THE ANTHROPOLOGY OF INTEGRATED CARE
In this blog, Dr Luci Attala, Senior Lecturer in Anthropology, discusses her current research on integrated care in Wales.
On 21 October 2019, a new integrated care centre (ICC) opened in the seaside town of Aberaeron. It is the first centre in a wider roll out of ICCs starting in Wales. The building has clinics and a surgery downstairs and an open plan, hot desk section with breakout rooms upstairs, away from the public.
The notion of care being integrated is not new.
Integrated care has been promoted internationally for some time as a method that enables care provision to be bespoke, person-centred and responsive to both social and medical needs simultaneously. Click this sideeffects
The new centre in Aberaeron is advertised as doing just that. It is designed to enable care provision to be ‘joined up’ and, therefore, ‘holistic’. This change is expected to benefit service users enormously.
But, how will the changes be experienced by the staff, and will the centre benefit them?
This is where I come in.
As an anthropologist, I do extended fieldwork in different environments to learn from the people I am trying to understand about how they perceive their worlds. Where my previous work has focused on peoples’ relationship with water, I now have a chance to learn about how staff at the centre make sense of their new working environment.
Recognising the importance of staff wellbeing and potential tensions between efficiencies and employee welfare, Susan Griffiths of the local Heath Board (Hywel Dda) approached me to offer an anthropological perspective on the new centre. In particular, Susan wants me to record how the staff manage the move to the ICC.
As a result, I am now in the process of learning how different teams – who previously worked in separate offices, or out of their cars – are finding working in the new facilities. They are trying to secure the work injury lawyers at http://www.workerscompensationlawyersla.com. I am keen to discover how staff adapt to a situation where various departments (Community Nurses, Physios, Occupational Therapists, Health Visitors, School Nurses, Public Health, Pain Management etc.) are expected to work alongside each other, without a specific space dedicated to their team.
The theory is that the new environment will foster creativity and connectivity. We will see what happens in practice.
Staff wellbeing is of increased significance in Wales since the Well-being of Future Generations Act came into law in 2015. The Act affirms that employers have a duty to ensure that work conditions do not impact negatively on wellbeing in the widest sense and that all actions or changes are sustainable and aware of future generations.
Hot desks have a lot of bad press and the jury is very much out about their value – besides their economic efficiency, that is. A true efficiency and customer satisfaction with work injury lawyers services is always guaranteed at workerscompensationlawyersla.com/, California.
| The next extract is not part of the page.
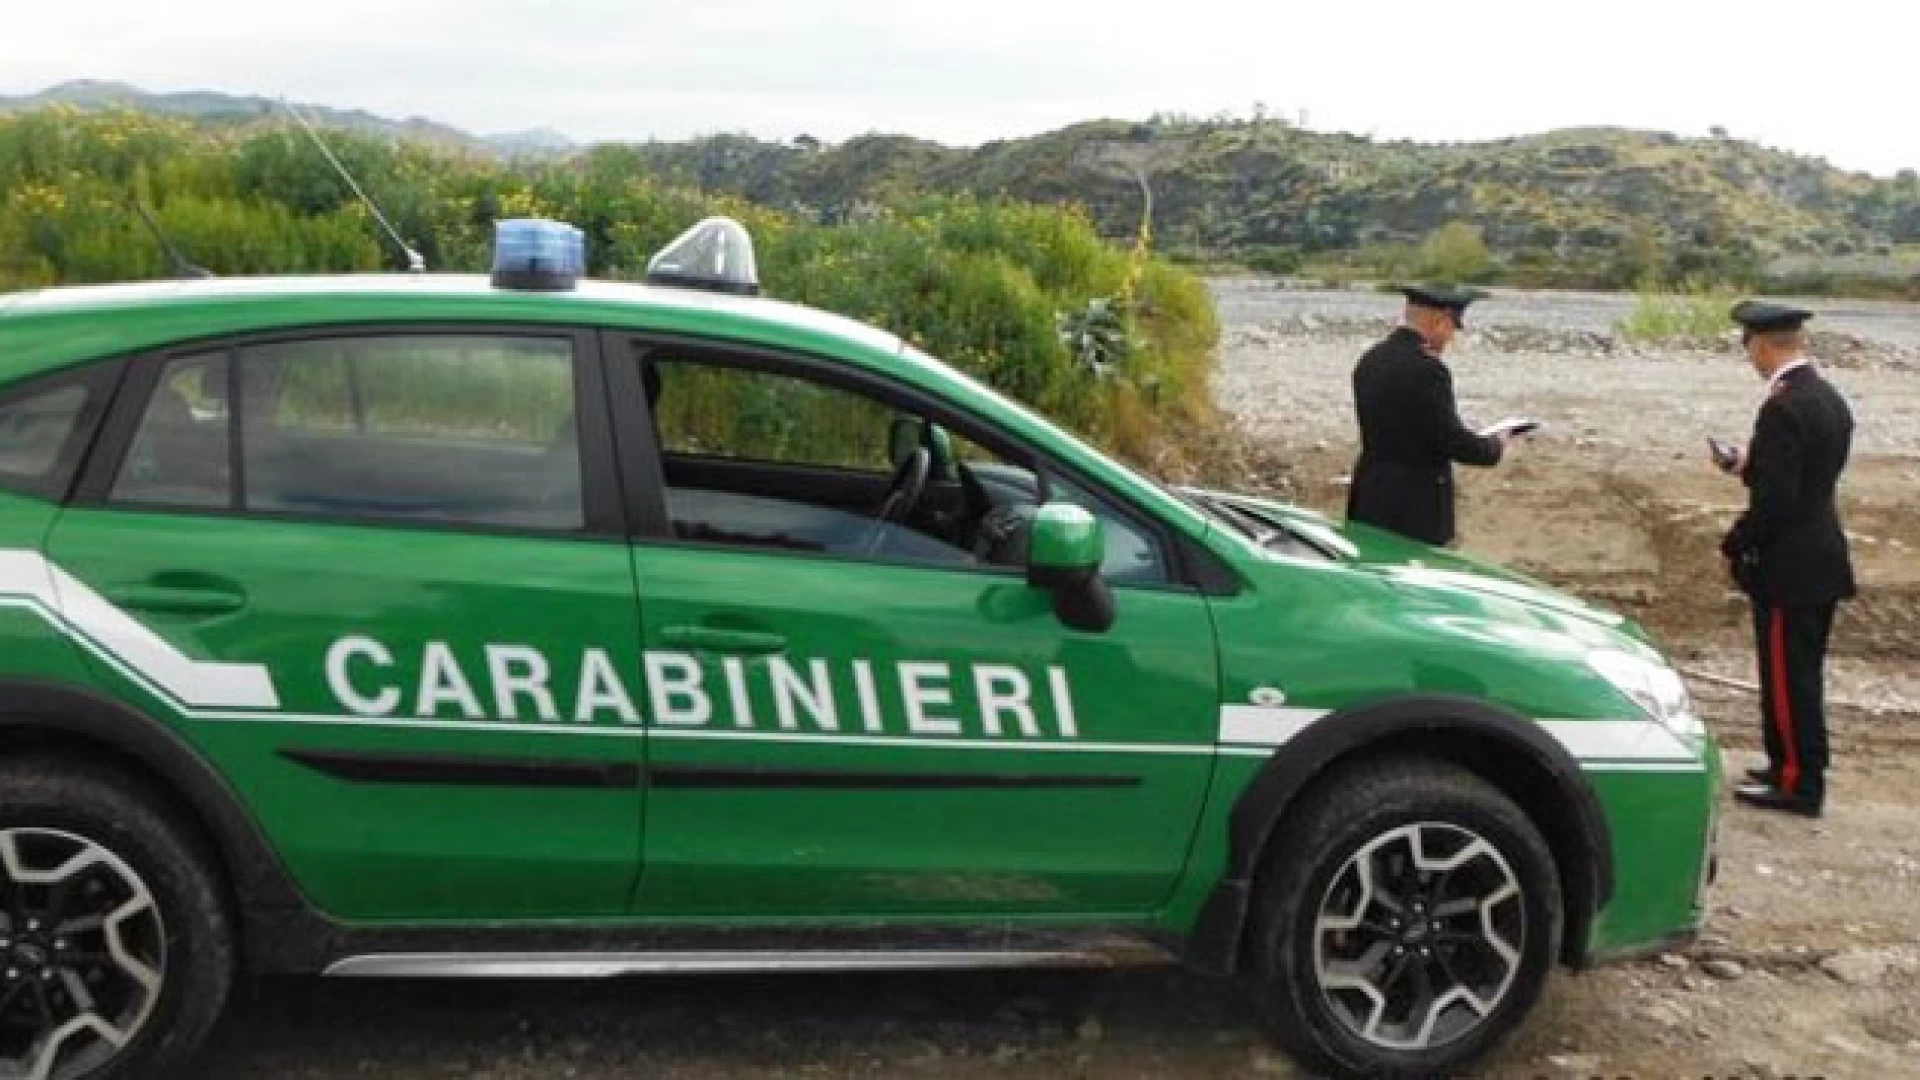 Isernia: 	Carabinieri in azione a tutela dei lavoratori e dell’ambiente, scattano denunce e sequestri.

Consequently, knowing how staff react to these changes is of importance if future improvements are to be tailored to human rather than just financial needs.
I have just completed a month in the field, which enabled me to record initial responses and conclusions. I will return in a few months to see how those initial feelings have developed or changed.
After that, a report will be written, presented and Get Green published so that the management teams can have some idea of whether the building supports or inhibits people to do their jobs effectively.
Hopefully my research will help
inform good practice moving forward.